From here there are two divergent readings. One has the focus on the Holy Bible remain, with the poem some form of scripture – the Ten Commandments, the Lord’s Prayer, take your pick – and the ensuing events those told in the later parts of the Old Testament; Exodus and the creation of Israel moving towards the Christian view. That would make the couple’s baby Jesus, although his death is less a straight representation of the love and hatred of Christ’s execution and more a living out of his dying words “Forgive them for they know not what they do“. Of course, rather than absolving of sins, mother fights back and burns the entire thing down. This makes it either an “alternate ending” to the Bible, or with the time loop a sort of proto-creation: God trying over and over to get it right.
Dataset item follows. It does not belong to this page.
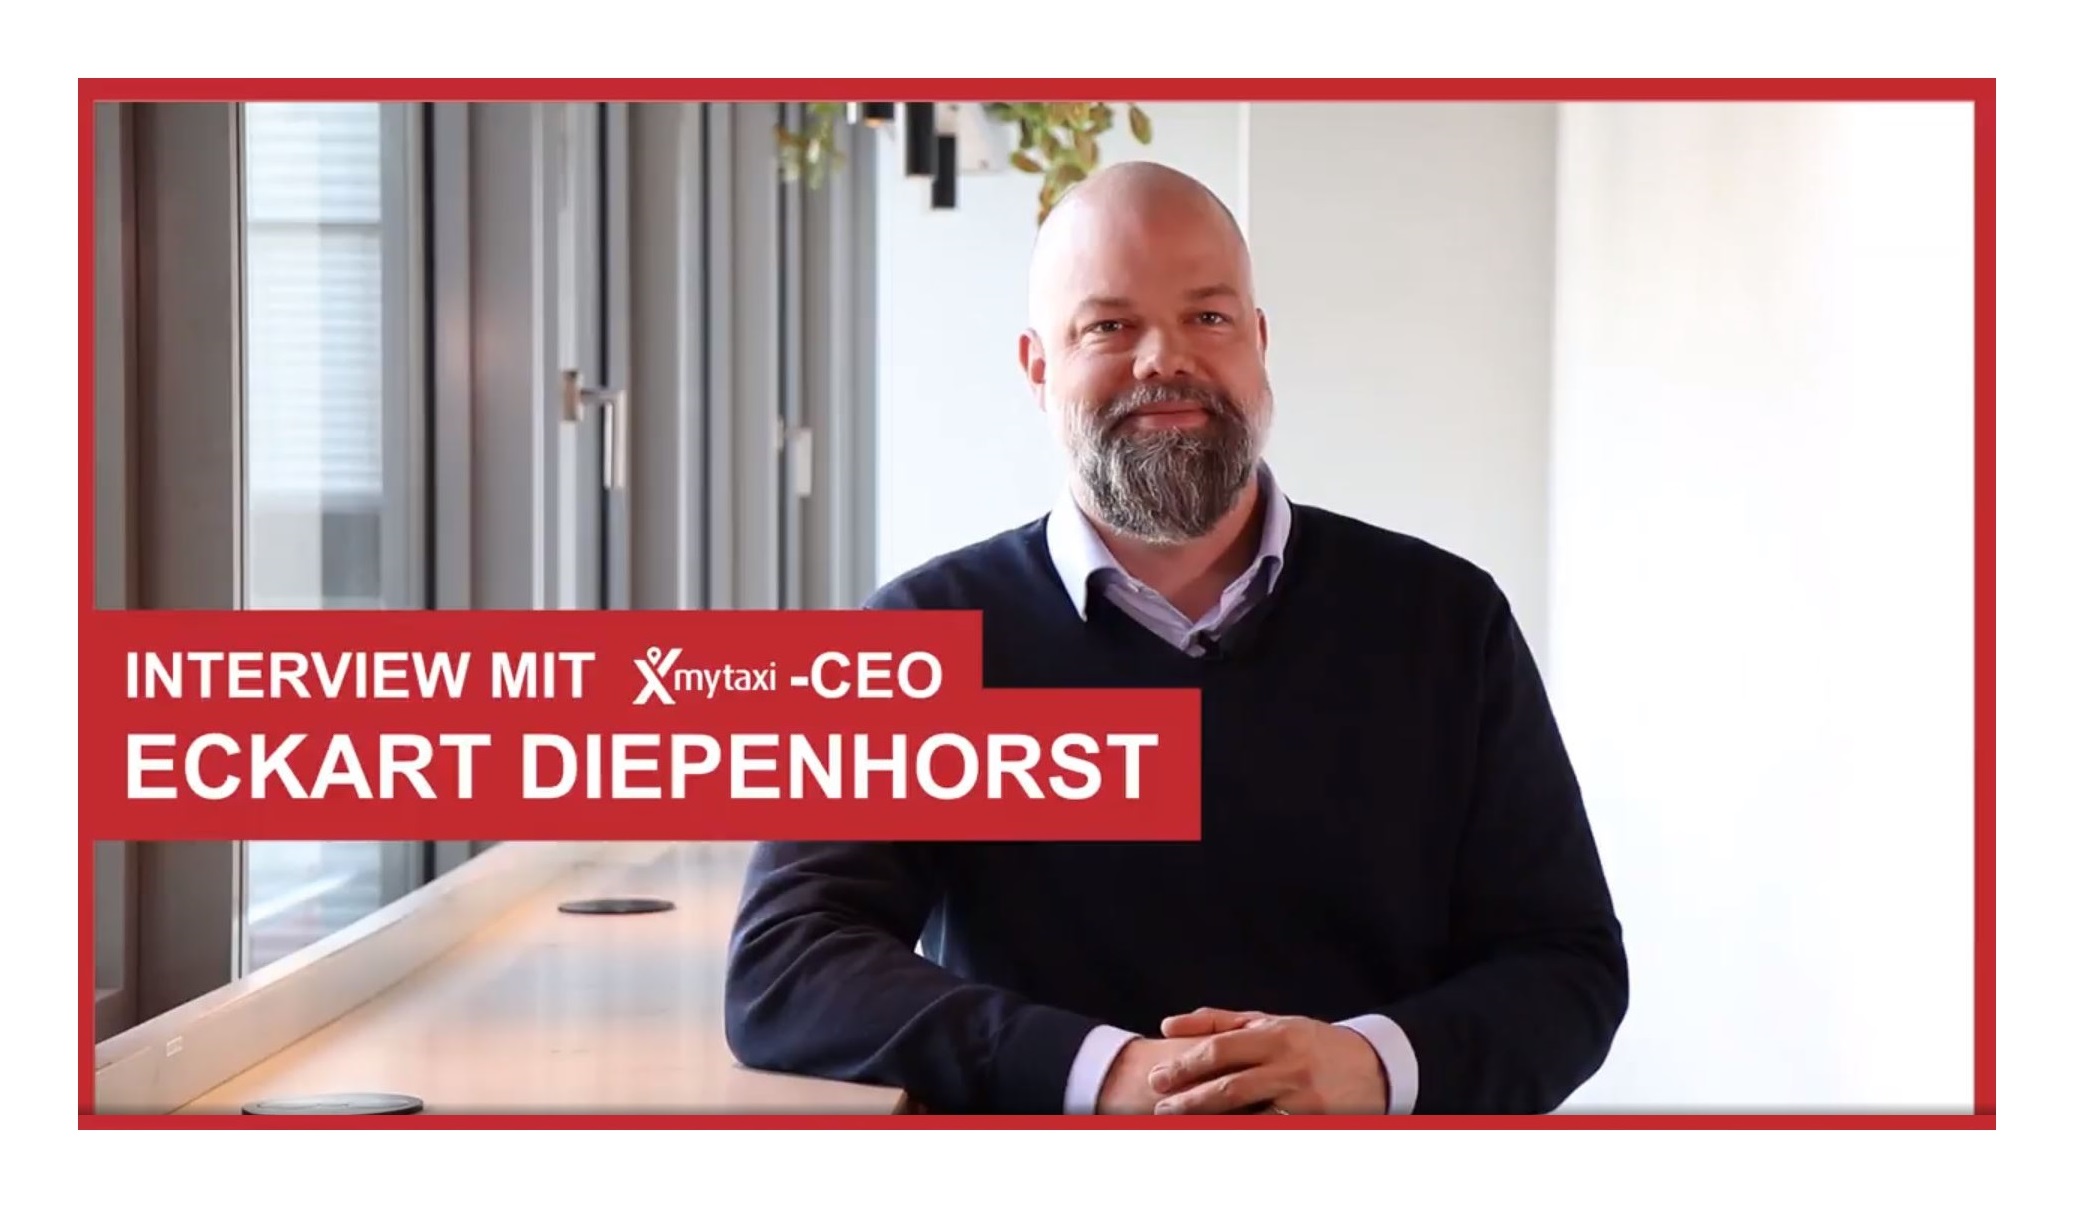 Interview with mytaxi CEO Eckart Diepenhorst

Related: What Does The Poem in mother! Say?
The other take is that we accelerate; the fluid, rushed time as mother walks through the increasingly fraught house is meant to signify the passing of centuries and millennia, taking Earth past Biblical times and into the AD, showing the descent of man as it falls into dogma surrounding religious grounding. The poem again serves as some religious doctrine, but here the baby obviously can’t be Jesus; it is instead a lucid presentation of a continued offering of the Earth to humanity that is instinctively dove upon and destroyed. And that makes the house’s destruction some future cataclysm: an impending Apocalypse.
Basically, the former is a completion of the allegory, whereas the latter’s a shift from Biblical setup into cautionary tale. Either version has validity, although while the baby Jesus imagery is strong, we’d be inclined to lean towards the latter as it paints the fiery destruction in the audiences’ future, a warning Aronofsky is clearly leaning towards.